Possiamo riassumere il tutto dicendo che il punto centrale è avere il coraggio di mettersi in gioco? Dall’altro lato dello schermo, Beppe mi guarda, annuisce e sorride. È il 29 gennaio e stiamo chiacchierando da circa un’ora su Skype. Doveva essere un’intervista, ma si è trasformata in qualcosa di molto più informale, una chiamata fra amici. Perché l’intervista? Perché Beppe è uno di quei giovani italiani che hanno deciso di buttarsi nella mischia della vita provando a trascorrere un periodo all’estero. Inchiostro alla Spina non poteva lasciarsi sfuggire l’opportunità di dar voce alla sua esperienza.

25 anni, una laurea in Lettere, esperienze nel campo radiofonico e giornalistico, Beppe è partito per l’Olanda il 1° gennaio, mentre era ancora in hangover per i festeggiamenti di Capodanno, come tiene scherzosamente a precisare. Sì, perché la decisione di andare all’estero come aupair (cioè ragazzo alla pari) è stata presa “di pancia”.

Da dove nasce l’idea di andare all’estero come aupair?

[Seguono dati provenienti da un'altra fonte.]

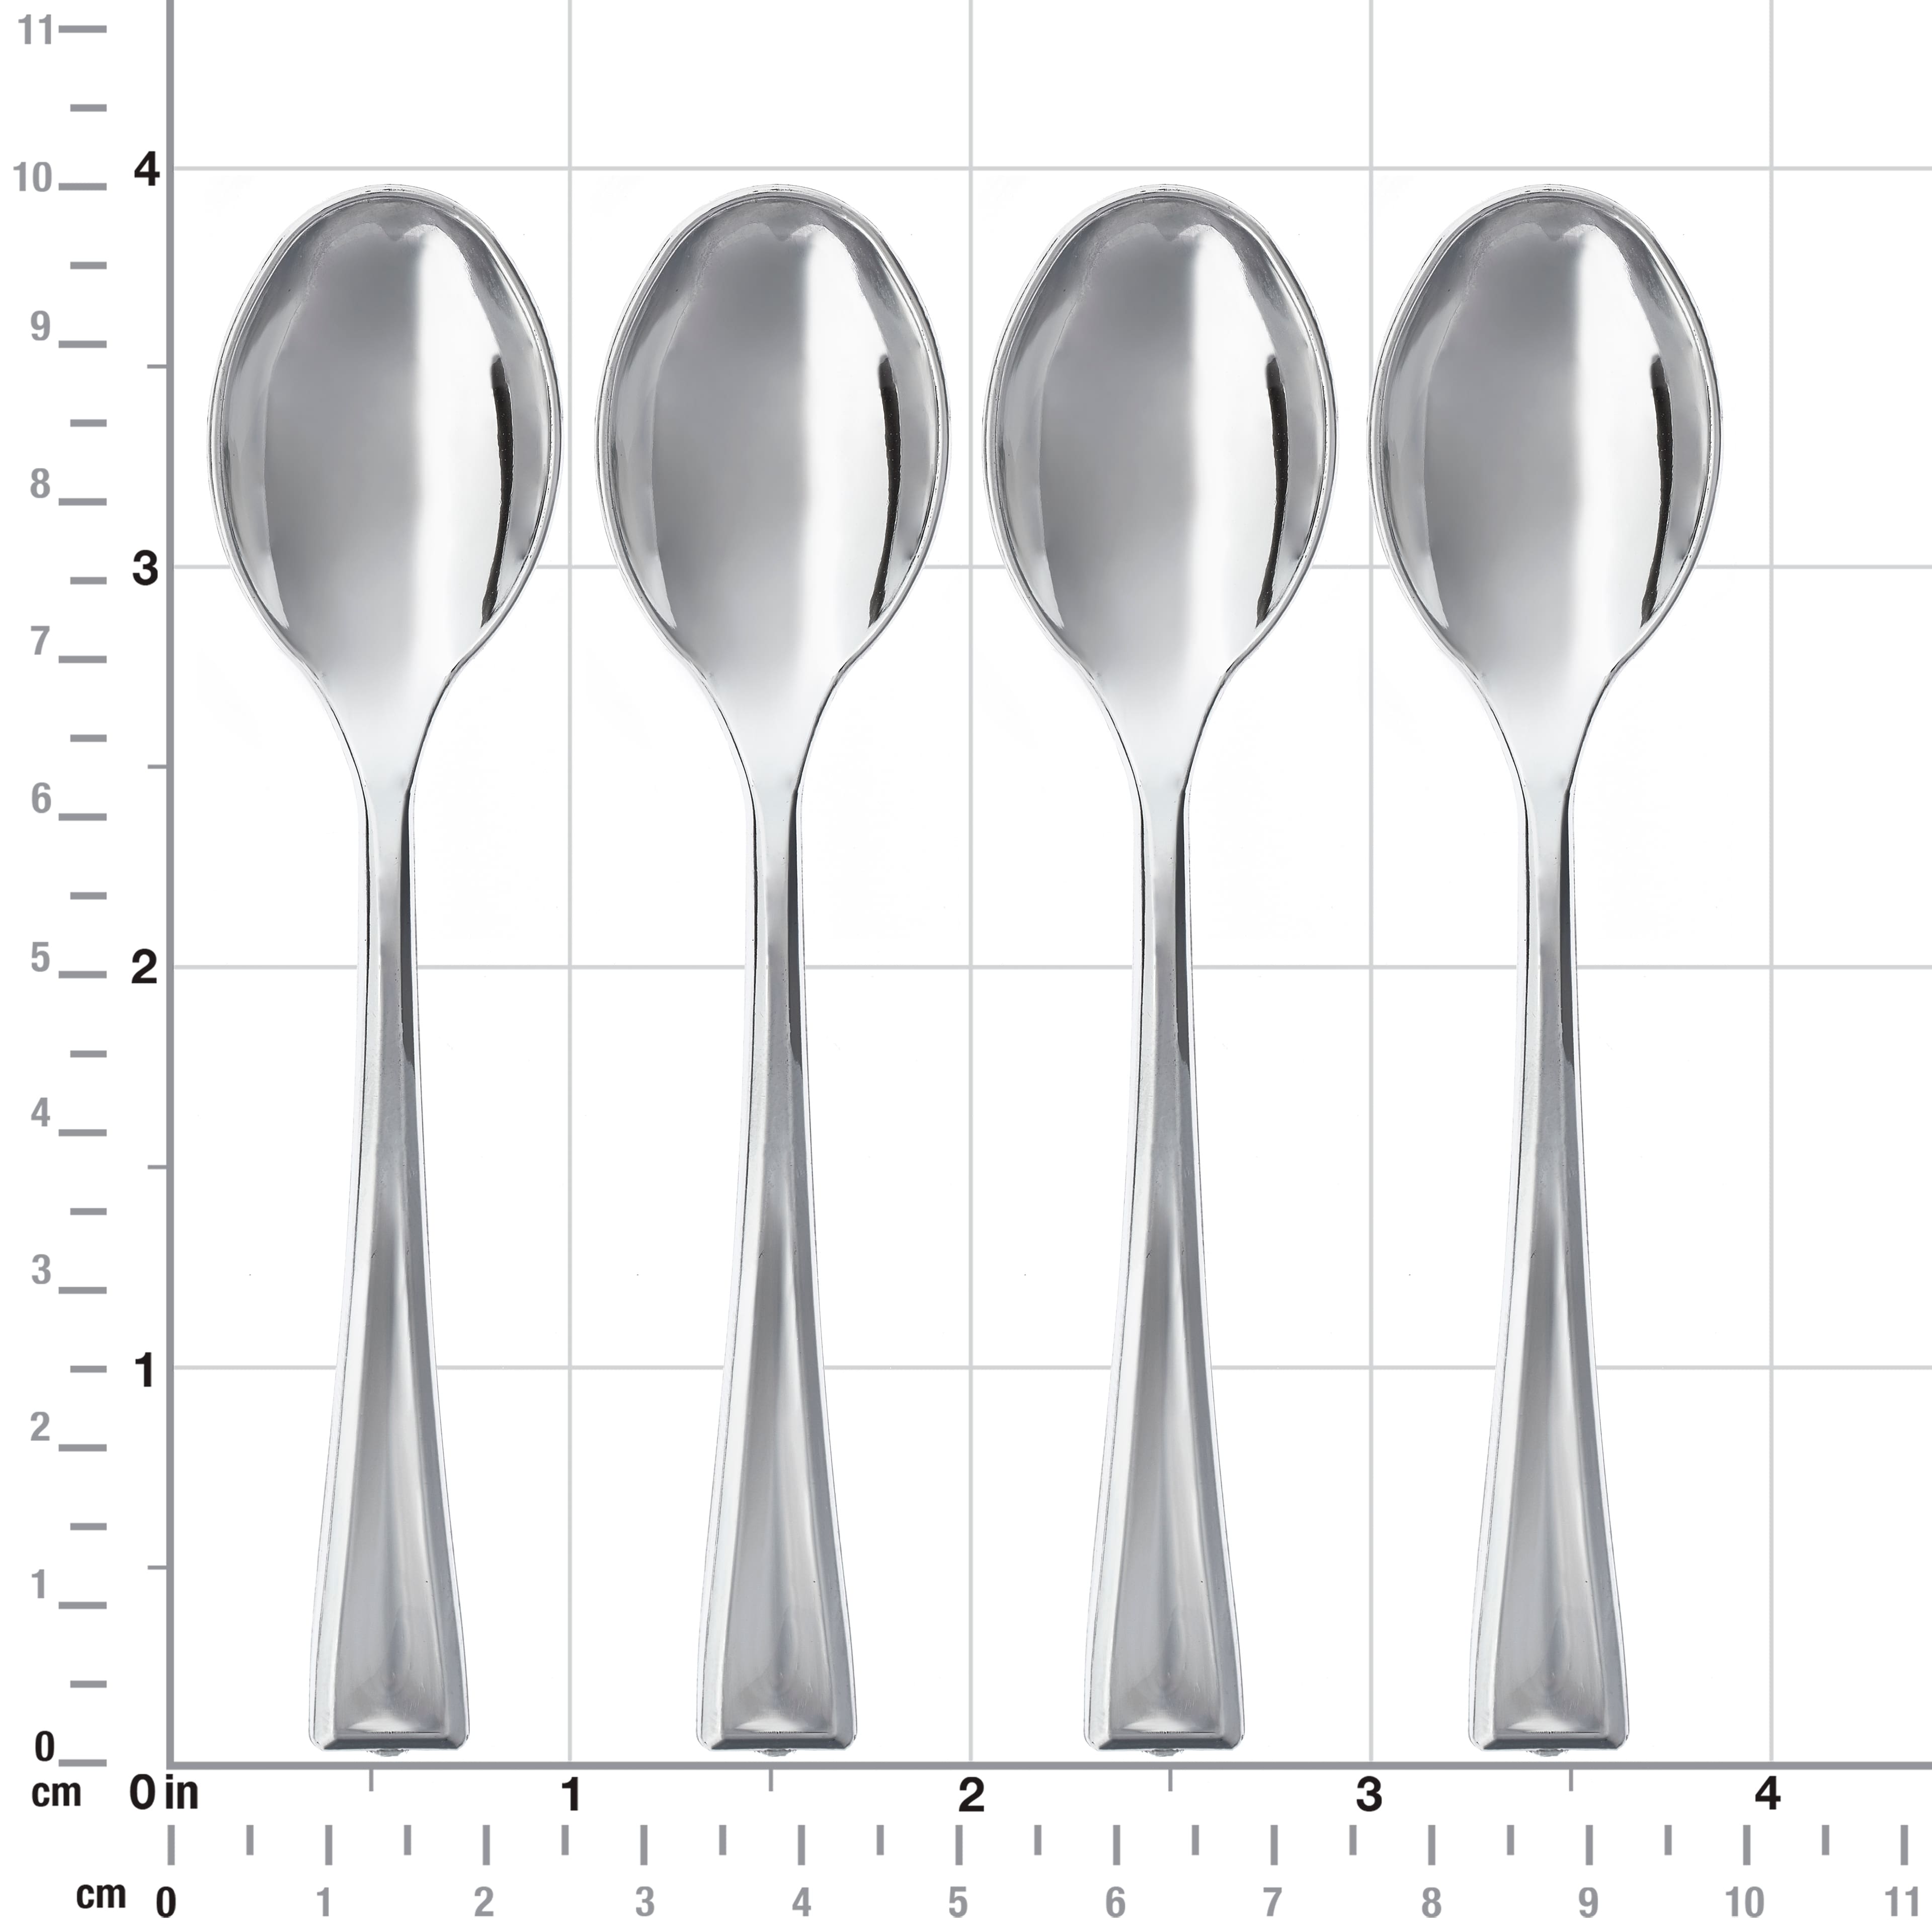 Silver Plastic Mini Spoons by Celebrate It&#x2122;, 24ct.

In realtà non avevo un’idea precisa. Dopo 8 mesi di blocco lavorativo post laurea e una discussione in famiglia ho detto ma sì, proviamoci! Sapevo solo che volevo andare all’estero. Ho cercato su internet un’opportunità e ho trovato questo sito che gestisce il collocamento alla pari. Mi sono messo in contatto con la famiglia e nel giro di un po’ di tempo era tutto deciso.

Come è stato primo impatto con una nazione straniera?

Non ero mai stato in Olanda e, fra l’altro, sono arrivato in città (a Den Haag, ndr.) alle 17.30, in pieno hangover. Ovviamente mi sono perso (ride) e ho avuto notevoli difficoltà a trovare la casa! L’Olanda è diversa dall’Italia: i trasporti pubblici sono sempre in anticipo (cosa che mi ha creato un po’ di problemi), le persone ti salutano per strada anche se non ti conoscono e parlano tutti inglese, quindi non ci sono grosse difficoltà di comunicazione. Fra l’altro qui si muovono tutti in bicicletta: circola una foto divertente in cui si vedono 250 bici bloccate sulla pista ciclabile. Ecco, quella è l’ora di punta a Den Haag!

Sul tuo blog, LeaveFast, racconti la tua esperienza come ragazzo alla pari: parlaci di come è nato.

Mah, anche quello è nato un po’ per caso. Ho pensato ma sì, un blog di viaggi, ce ne sono tanti, perché no… e premendo invio per sbaglio mentre stavo armeggiando su WordPress è nato il blog. Ecco, a quel punto me lo sono tenuto (sorride divertito).

Il blog esiste in due versioni: italiano e inglese. Come mai?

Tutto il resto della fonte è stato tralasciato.